Dankberg, 57, took an annual salary last year of $800,000 and had a total compensation package valued at $4.5 million, according to the company’s most recent proxy report.

But that isn’t why he’s among the region’s wealthiest people. The same report shows he owns about 1.9 million shares of his company’s stock, or 4.7 percent of the total outstanding.

That stake was valued at more than $88 million, given the Dec. 6 price of more than $46.

— Mike Allen

#20 RICHARD SULPIZIO

President and CEO of Qualcomm Enterprise Services

Estimated net worth: $75 million

Richard Sulpizio’s longtime association with Qualcomm Inc., where he’s held leadership positions for most of the past two decades, has made him a wealthy man. The Rich Register estimates his net worth this year at $75 million, ranking him No. 20 on the San Diego Business Journal’s Wealthiest list. That’s up from an estimated net worth of $70 million in 2009.

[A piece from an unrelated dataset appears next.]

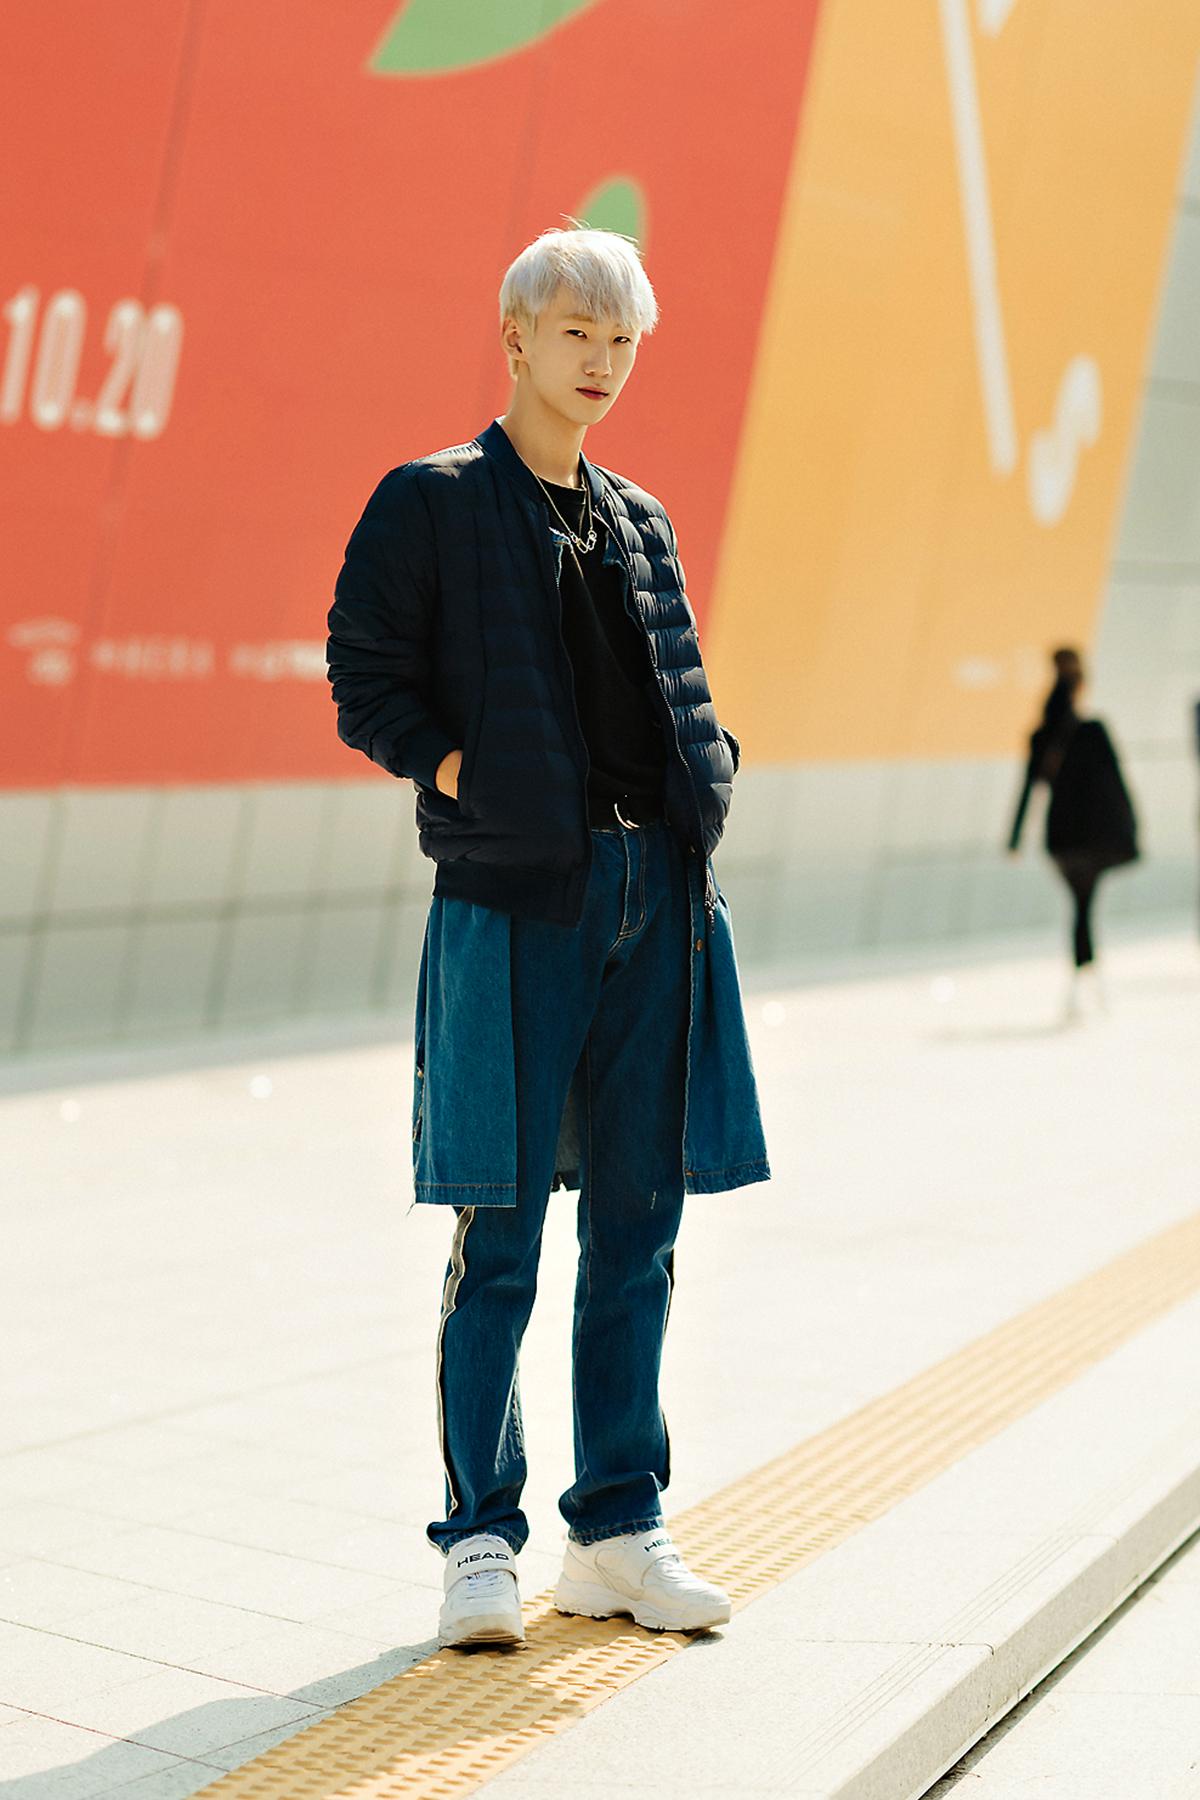 MUSINSA STANDARD LIGHT DOWN Menswear Hera Seoul Fashionweek 2019 SS19

Sulpizio, 61, joined chipmaker giant Qualcomm in May 1991 as vice president of information systems, and was quickly promoted to senior vice president in September of the same year. In addition to stints as president and chief operating officer of the company, Sulpizio was put in charge of Qualcomm subsidiary MediaFlo USA Inc., chartered with bringing multimedia services to the wireless industry.

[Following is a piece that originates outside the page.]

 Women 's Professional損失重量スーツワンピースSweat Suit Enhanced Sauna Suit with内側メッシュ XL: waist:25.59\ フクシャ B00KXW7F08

Currently, he serves as president and CEO of Qualcomm Enterprise Services, a division responsible for mobile communications and services to the transportation industry.

Before joining Qualcomm, Sulpizio worked for computer and electronics company Unisys Corp. and for engineering and construction company Fluor Corp.

Since 2005, Sulpizio has served as a director of ResMed Corp., a manufacturer of medical equipment for the treatment of sleep-disordered breathing and other respiratory problems. He has also served as a director of CA Inc., formerly Computer Associates Inc., an information management software company.

Sulpizio and his wife, Maria, known as Gaby, conduct philanthropy through The Magali Foundation in La Jolla. The couple provided a leadership gift of $10 million to UC San Diego in 2005 to support the construction of a cardiovascular patient care and clinical research facility, which opened in December 2010 as the Sulpizio Family Cardiovascular Center.

The state-of-the-art center unifies ambulatory, clinical and inpatient heart and stroke care in one location. The couple also gave $1 million to the Arc of San Diego in 2006 to assist with renovating its facilities that help people with disabilities.

Sulpizio holds a B.A. degree from Cal State Los Angeles and an M.S. in systems management from the University of Southern California.